Below is the code I'm referring to:

trait SparkApplication {
  def sparkConfig: Map[String, String]
  def withSparkContext(f: SparkContext => Unit): Unit = {
    val conf = new SparkConf()
    sparkConfig.foreach { case (k, v) => conf.setIfMissing(k, v) }
    val sc = new SparkContext(conf)
    f(sc)
  }
}

trait SparkStreamingApplication extends SparkApplication {
  def withSparkStreamingContext(f: (SparkContext, StreamingContext) => Unit): Unit = {
    withSparkContext { sc =>
      val ssc = new StreamingContext(sc, Seconds(streamingBatchDuration.toSeconds))
      ssc.checkpoint(streamingCheckpointDir)
      f(sc, ssc)
      ssc.start()
      ssc.awaitTermination()
    }
  }
}
philantrovert
  • 9,904
  • 3
  • 37
  • 61
Felipe
  • 7,013
  • 8
  • 44
  • 102
  • Inheritance pattern? – Jasper-M Jan 09 '18 at 13:32
  • and.... why use a higher order function on the parent trait? and... why override the function inside another function? – Felipe Jan 09 '18 at 13:45
  • @FelipeOliveiraGutierrez it's not overriding function , its making a call with lambda argument, you can rewrite it as like this , - `withSparkContext (sc => { ... }) ` this will work same – Ömer Erden Jan 09 '18 at 14:52
  • you are right. I have to get used with this lambda... thanks – Felipe Jan 09 '18 at 15:07
  • you're welcome, check this [topic](https://stackoverflow.com/questions/4386127/what-is-the-formal-difference-in-scala-between-braces-and-parentheses-and-when) to see how it works – Ömer Erden Jan 09 '18 at 15:11

1 Answers1

3

What is being used here (albeit, with a possible error) is the so-called Loan Pattern, called in such way because it's useful when you want to manage the lifecycle of a resource (in your case a SparkContext), while allowing the user to define how the resource is going to be used.

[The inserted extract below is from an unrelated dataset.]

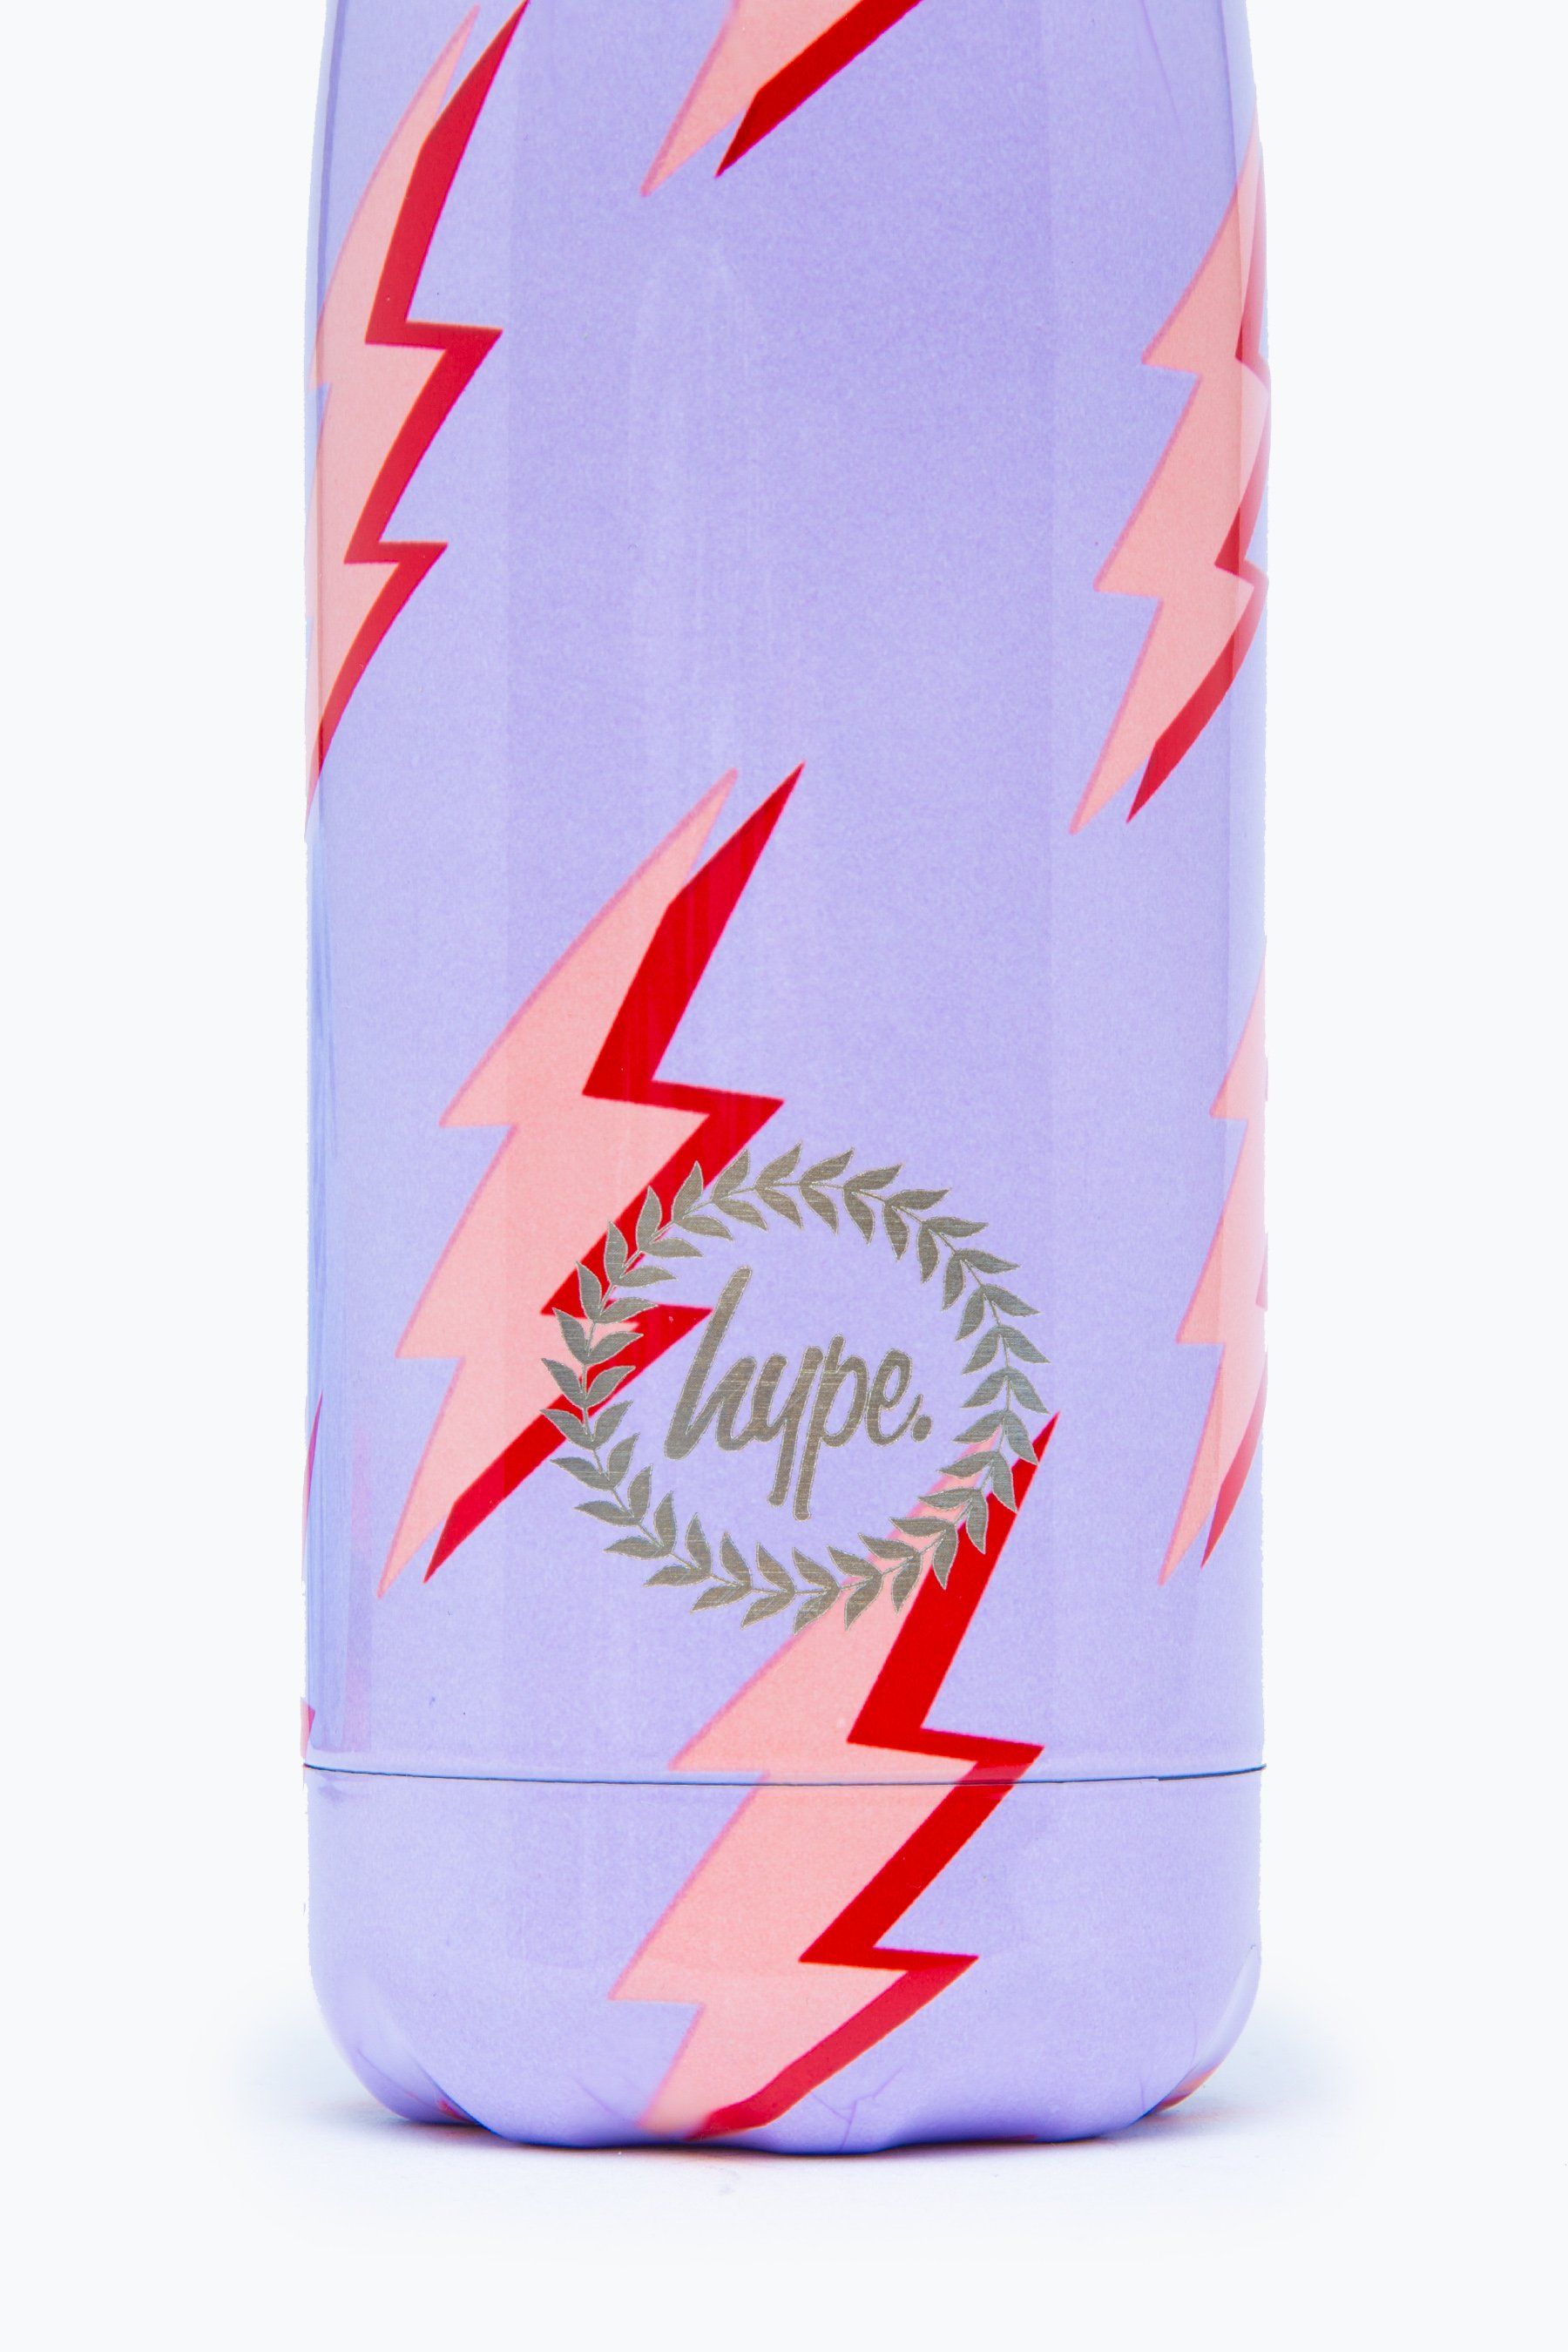 Keeping you hydrated, in style. Meet the HYPE. Lilac Lightning Metal Reusable Water Bottle, perfect for when you're on the go. The design features a paint-splat inspired effect in a pastel beige, blue and yellow. Designed in Aluminium to ensure your water stays ice-cold and for chillier days, keeping your oat milk latte warm for longer. Reuse it again and again with an airtight screw lid prevents spills. With an all-over lightning print in a pastel pink, peach and red colour palette. Why not grab one of our lunch bags or backpacks with a bottle holder to complete the look. Hand wash only.

A classical example of this is files: you want to open a file, read it's content and then close it as soon as you are done, without allowing the user to make some mistake and forget to close the resource. You may implement this as follows:

import scala.io.Source

// Read a file at `path` and allow to pass a function that iterates over lines
def consume[A](path: String)(f: Iterator[String] => A): A = {
  val source = Source.fromFile(path)
  try {
    f(source.getLines)
  } finally {
    source.close()
  }
}

Then you'd use this as follows (in the example, to just print all the lines paired with their numbers):

consume("/path/to/some/file")(_.zipWithIndex.foreach(println))

As you may notice, there is something very close to this going on in your code, with the only difference that the resource whose lifecycle you are managing is a SparkContext.

Regarding the possible error I mentioned initially, it regards the fact that you are loaning a SparkContext that you never close. That is probably ok, but the main aspect of the Loan Pattern is precisely that of minimizing the error surface when it comes to managing resources. You may be interested in doing something like the following (you want to check the last line in the method):

def withSparkContext(f: SparkContext => Unit): Unit = {
  val conf = new SparkConf()
  sparkConfig.foreach { case (k, v) => conf.setIfMissing(k, v) }
  val sc = new SparkContext(conf)
  f(sc)
  sc.stop() // shutdown the context after the user is done
}

You may read more regarding this pattern here.

As a side note, you may be interested in this project that creates a very nice and idiomatic interface around managed resources.

stefanobaghino
  • 11,253
  • 4
  • 35
  • 63